Ransomware gangs increasingly targeting US critical infrastructure

Ransomware gangs are targeting the United States critical infrastructure and energy grid at an increasing rate, according to research by Dragos. Dragos is a cybersecurity firm led by former National Security Agency and military member Robert M. Lee. It specializes in Industrial Internet of Things (IIoT), Operational Technology (OT), and Industrial Control Systems (ICS) cyber protection.

The increase in cyber attacks are related to existing ransomware and cyber criminal groups stepping up attack frequency, and new malicious entrants joining the fold.

Dragos found that the third quarter of 2022, 36% of all critical infrastructure cyberattacks hit North American targets. This represents a total of 46 incidents in the quarter, up 10% from the previous quarter.

The majority of attacks overall was against manufacturing industry, representing 68%, or 88 unique incidents. Interestingly, several incidents specifically target metal production facilities. It’s unclear if its pure disruption or attempts at sabotaging competitors in a valuable commodity field amidst inflation, supply chain shortages, and geopolitics.

Dragos confirms the source of their numbers come from public disclosures as well as dark web announcements.

CISA issues cyber hygiene guidelines on critical infrastructure

This all comes as the Cybersecurity and Infrastructure Security Agency (CISA) wants increasing cyber hygiene and defenses deployed across US critical infrastructure companies.

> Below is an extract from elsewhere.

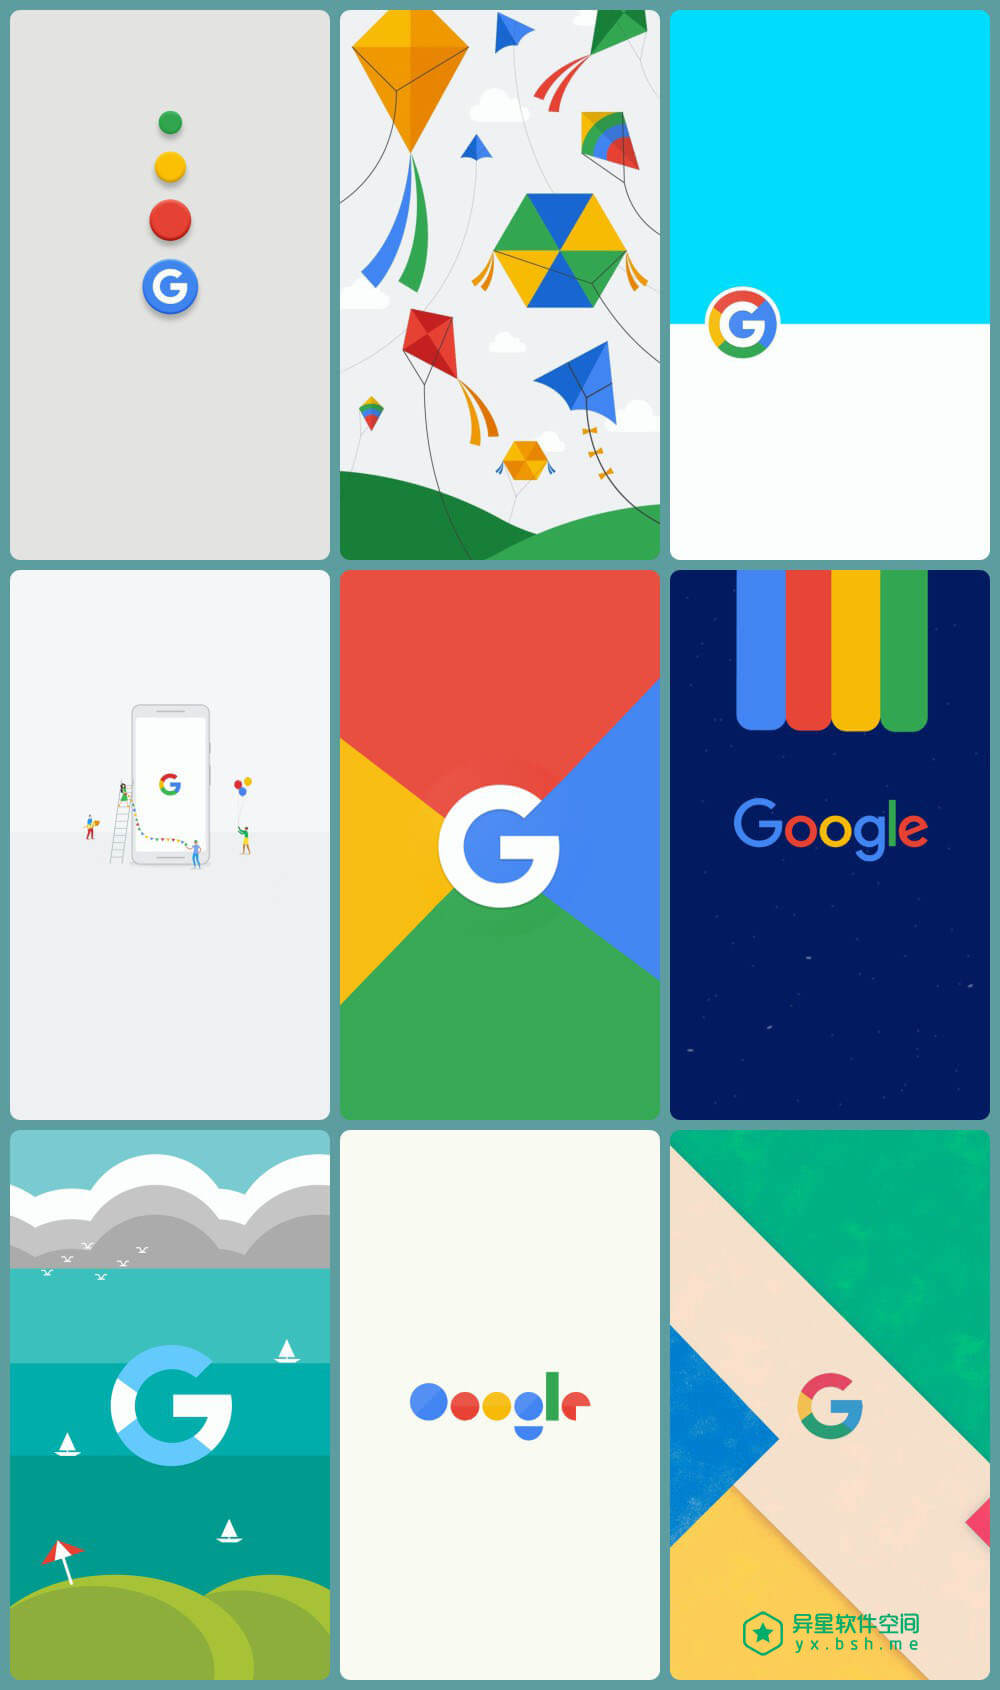 Google 风手机壁纸打包下载 —— 103张谷粉最爱手机壁纸-手机壁纸, 安卓壁纸, 壁纸, google风格, google手机壁纸, google壁纸, google logo壁纸, google

CISA is seeking improved identity access management, network device security, and adherence to guidelines for operational technology, incident response and cyber training.

The initiatives are not meant to be all-encompassing, but a guideline to “capture medium-to-high cybersecurity risks,” according to CISA Director Jen Easterly.

Critical infrastructure networks “should be kept off the public internet as much as possible,” and accompanying networks should “deploy multi-factor authentication and password strength.”

“CISA took extensive input and feedback from industry stakeholders and this updated guidance reflects that they were listening closely, providing actionable but not overly prescriptive guidance – exactly the type of support the community has been requesting,” added Dragos CEO Robert M. Lee.

“This guidance can help lift industrial cybersecurity standards across the board to better protect our nation’s critical infrastructure,” Lee said.

CISA has also launched a discussion page with its new goals and guidelines to encourage public discourse and feedback. It is available for anyone to review on GitHub.